Provided material:
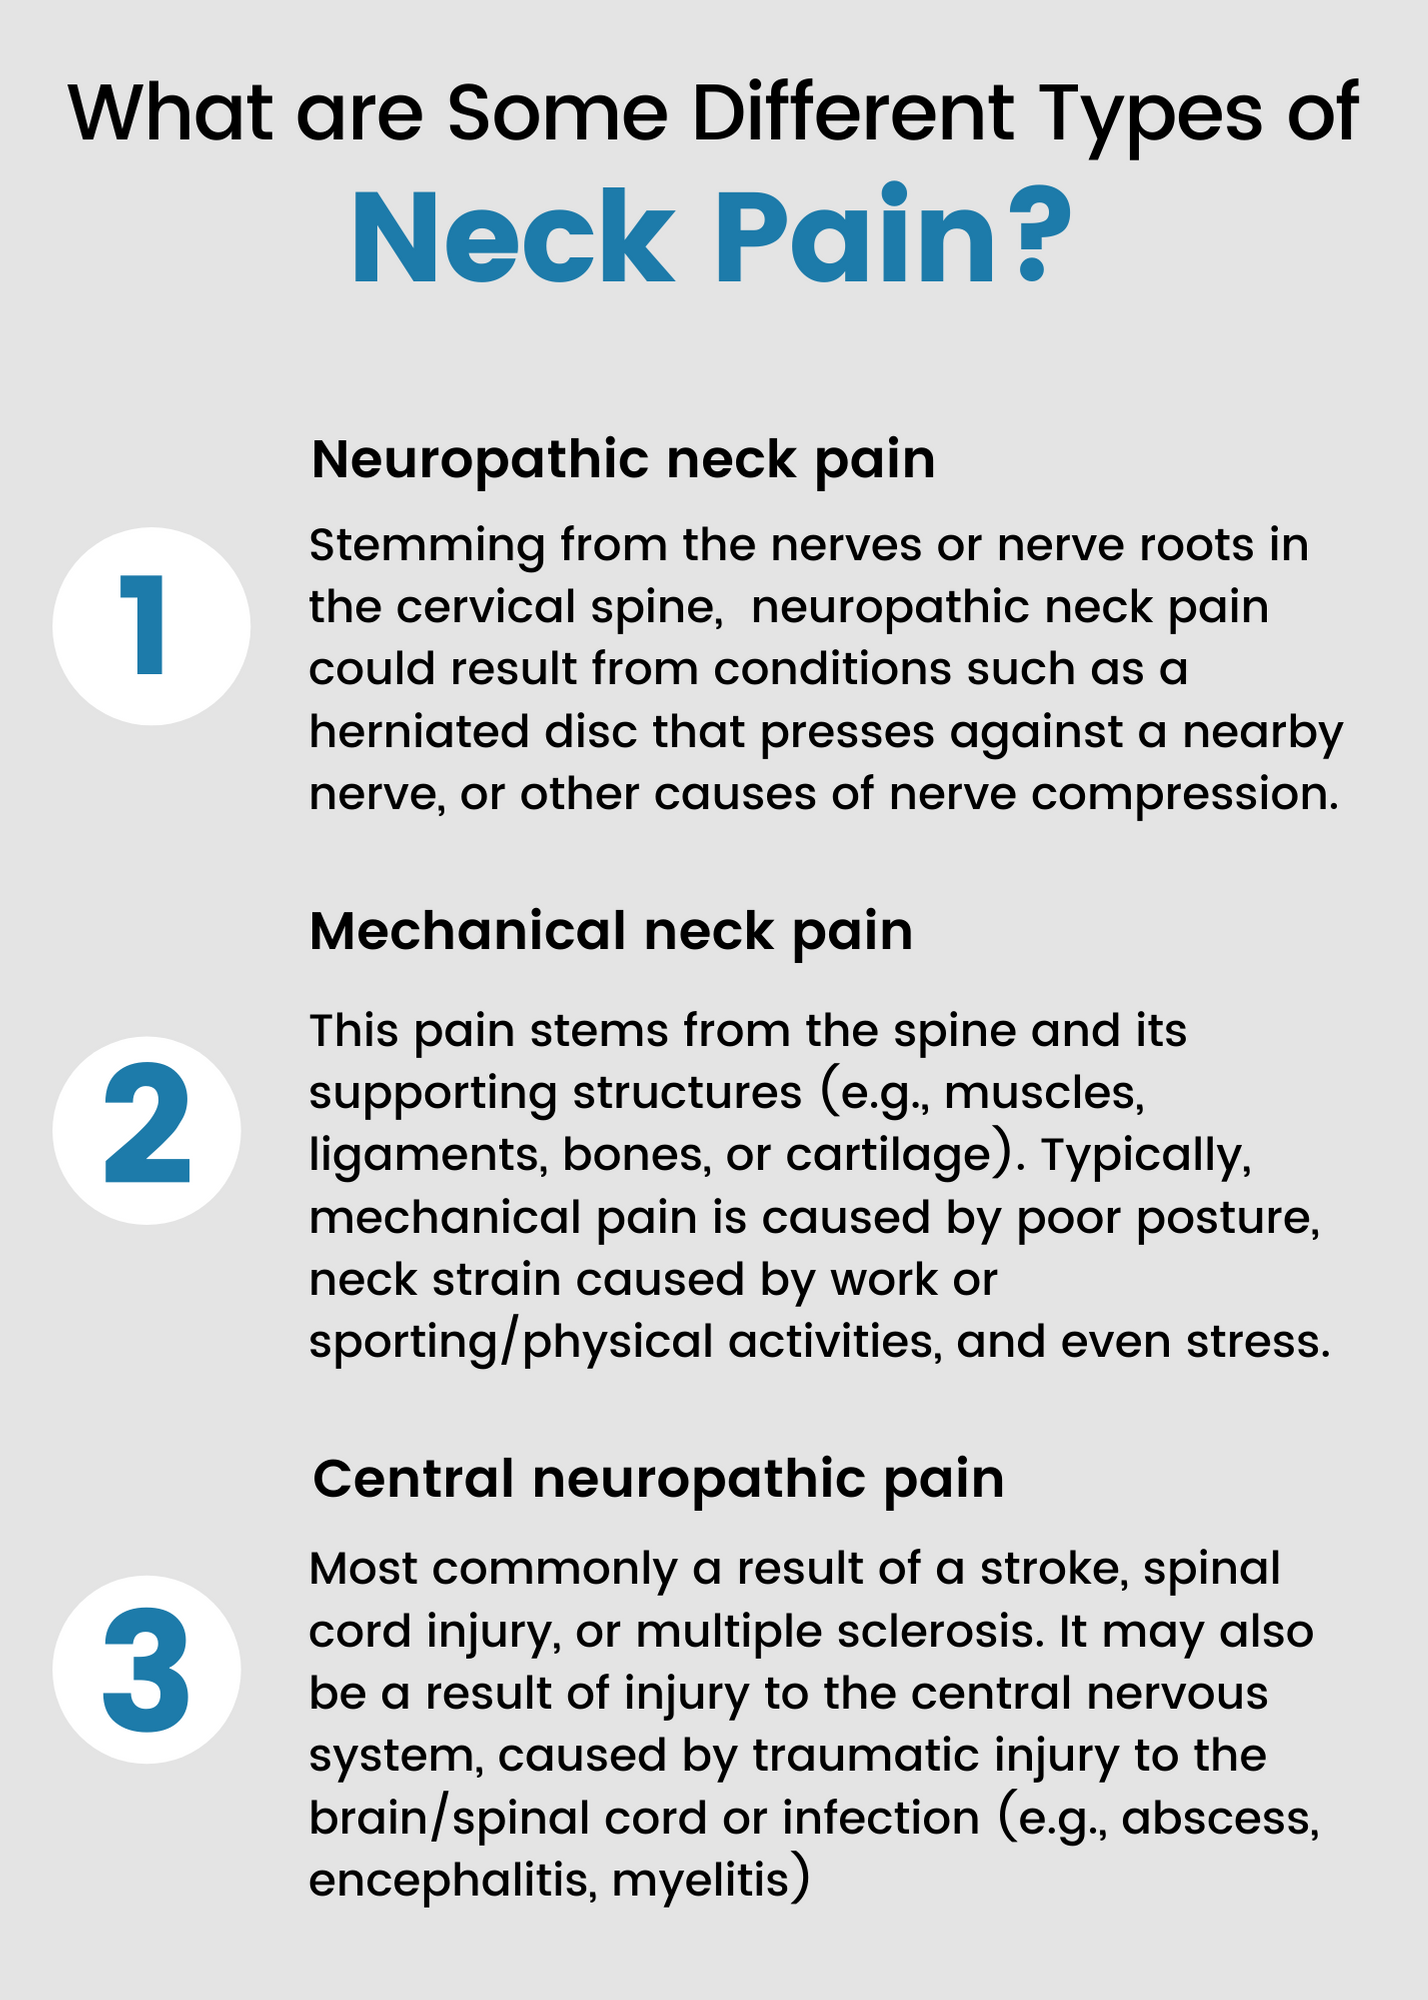 Neck pain: treatment, causes and danger signs
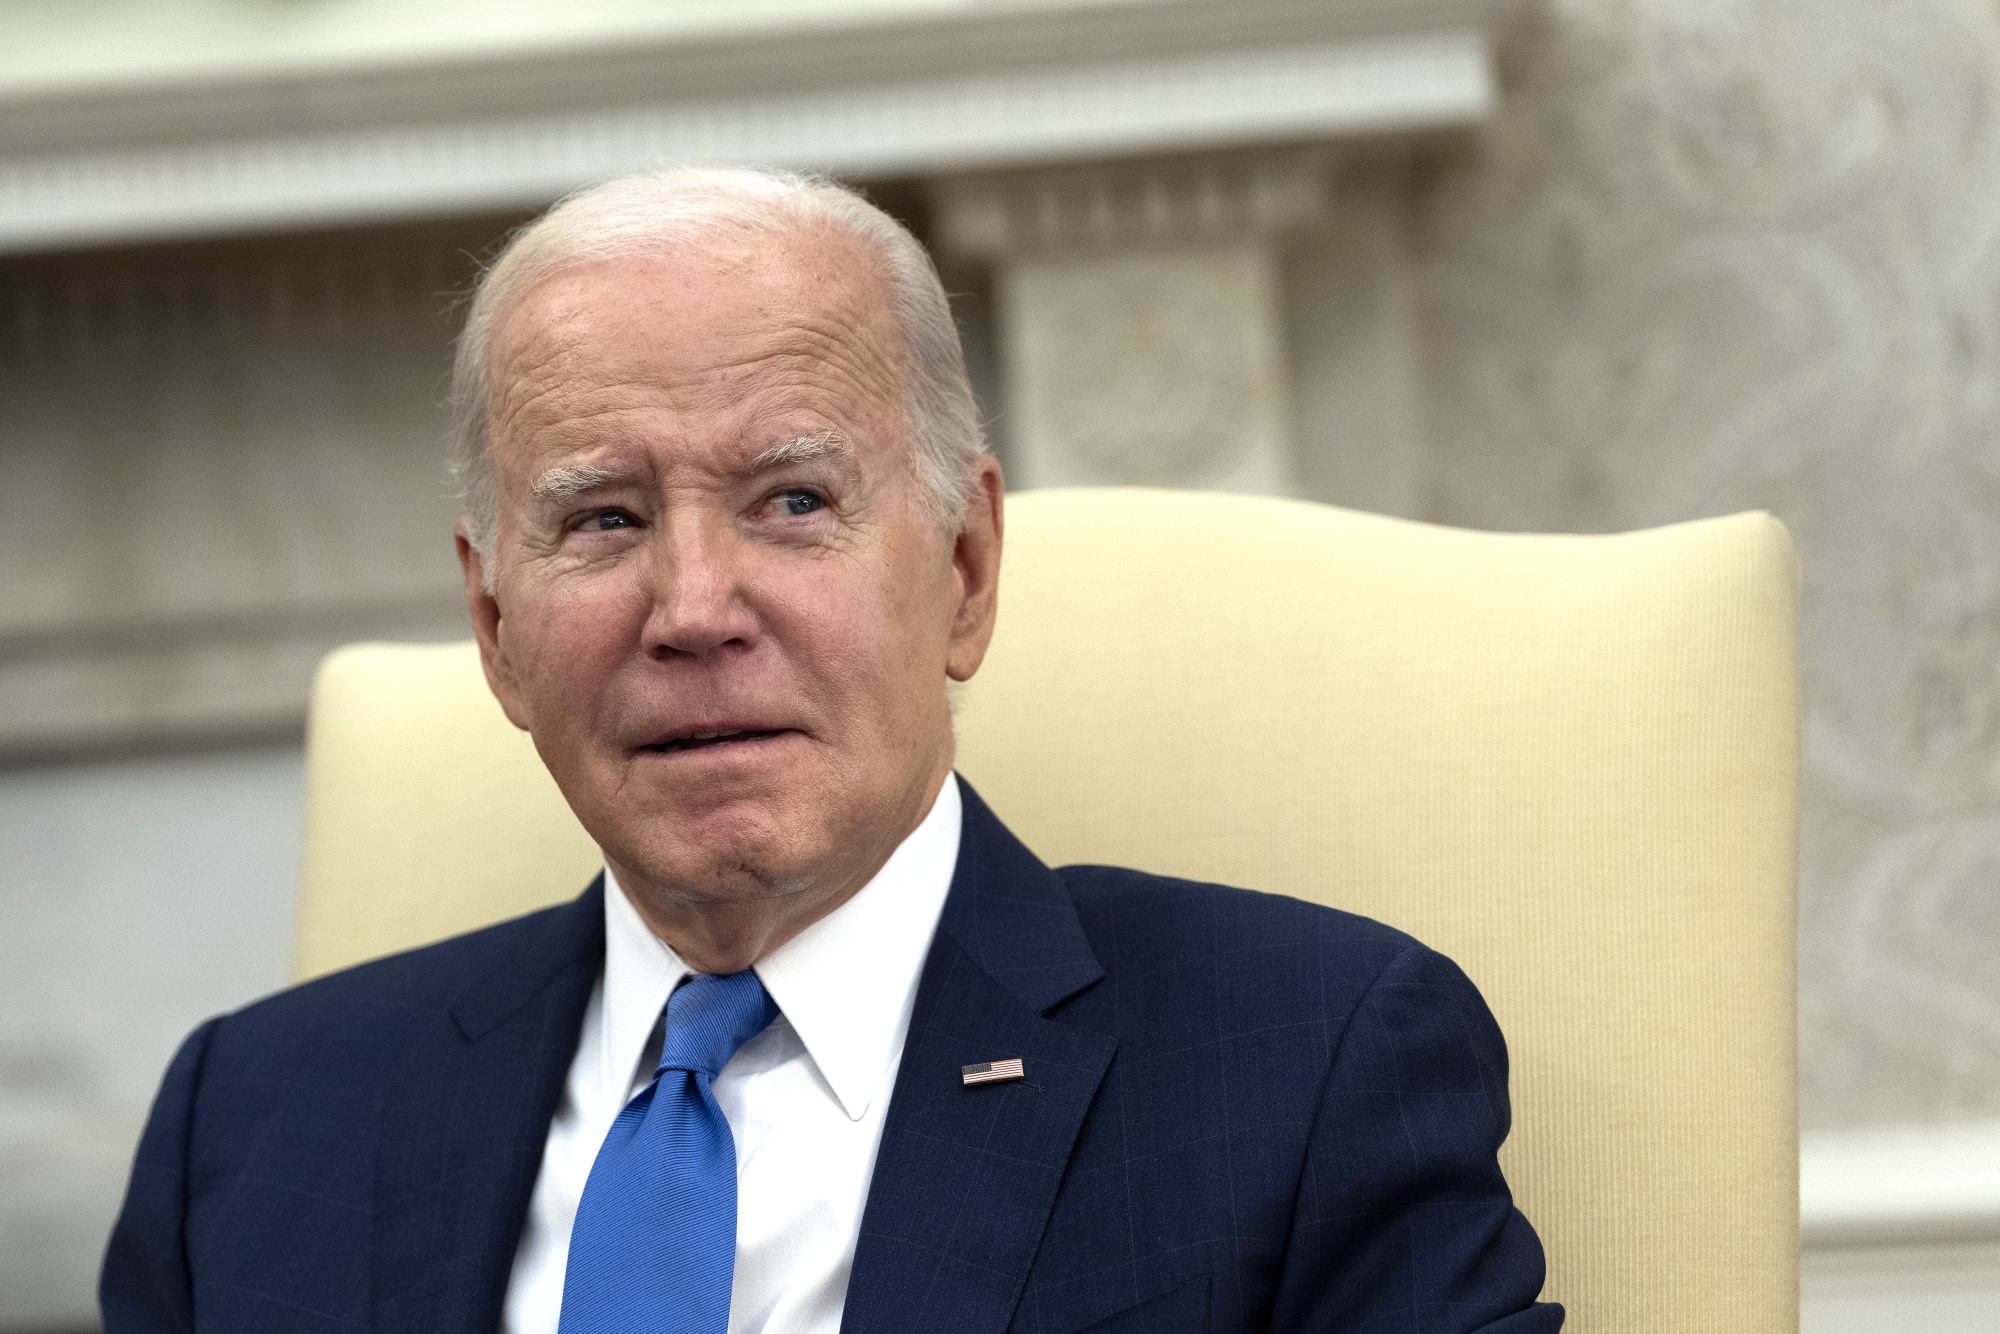 Biden Faces Challenge in Gaining Support from Haley Voters
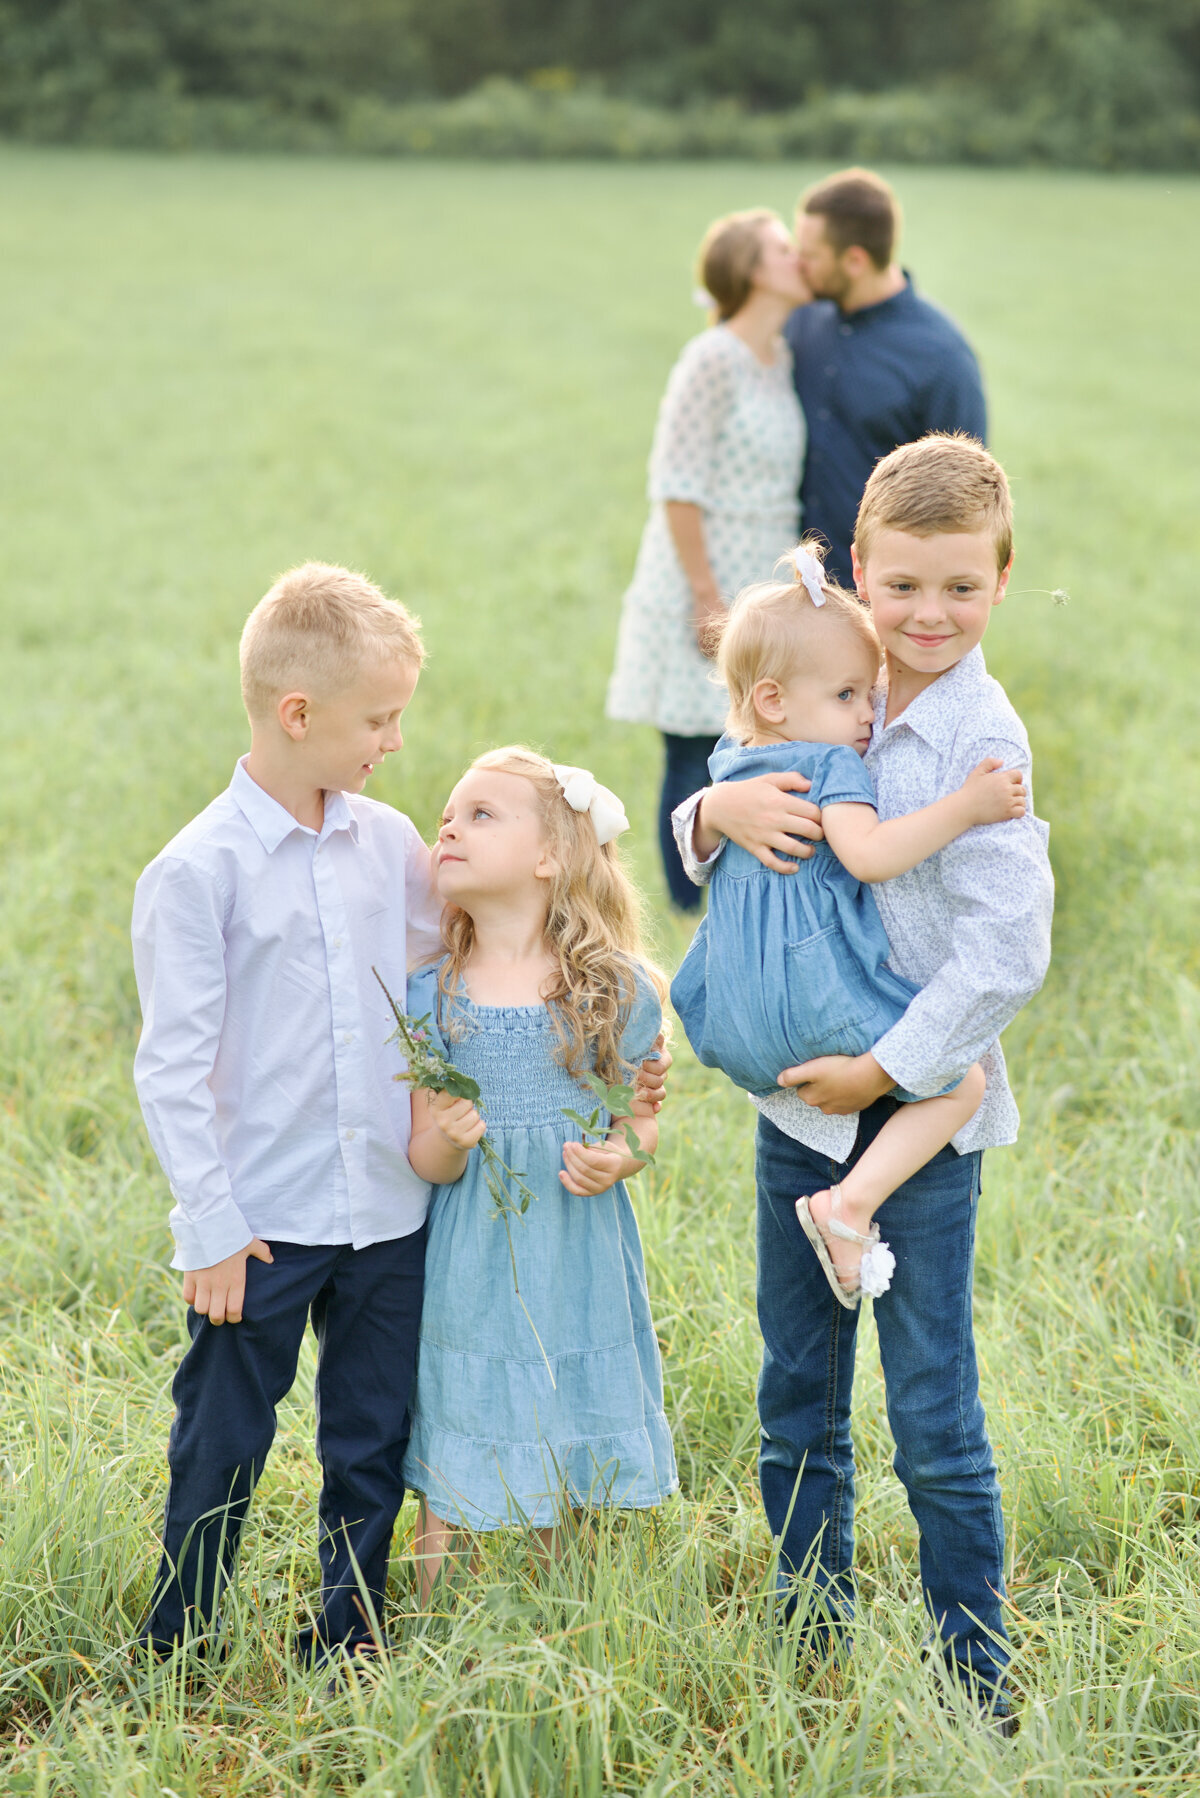 Kids with parents kissing in the background at a family photo session in mount vernon, ohio

Task goal: Quote the data above in full, leaving out the pictures it holds.

Exercise output:
 Neck pain: treatment, causes and danger signs
 Biden Faces Challenge in Gaining Support from Haley Voters
 Kids with parents kissing in the background at a family photo session in mount vernon, ohio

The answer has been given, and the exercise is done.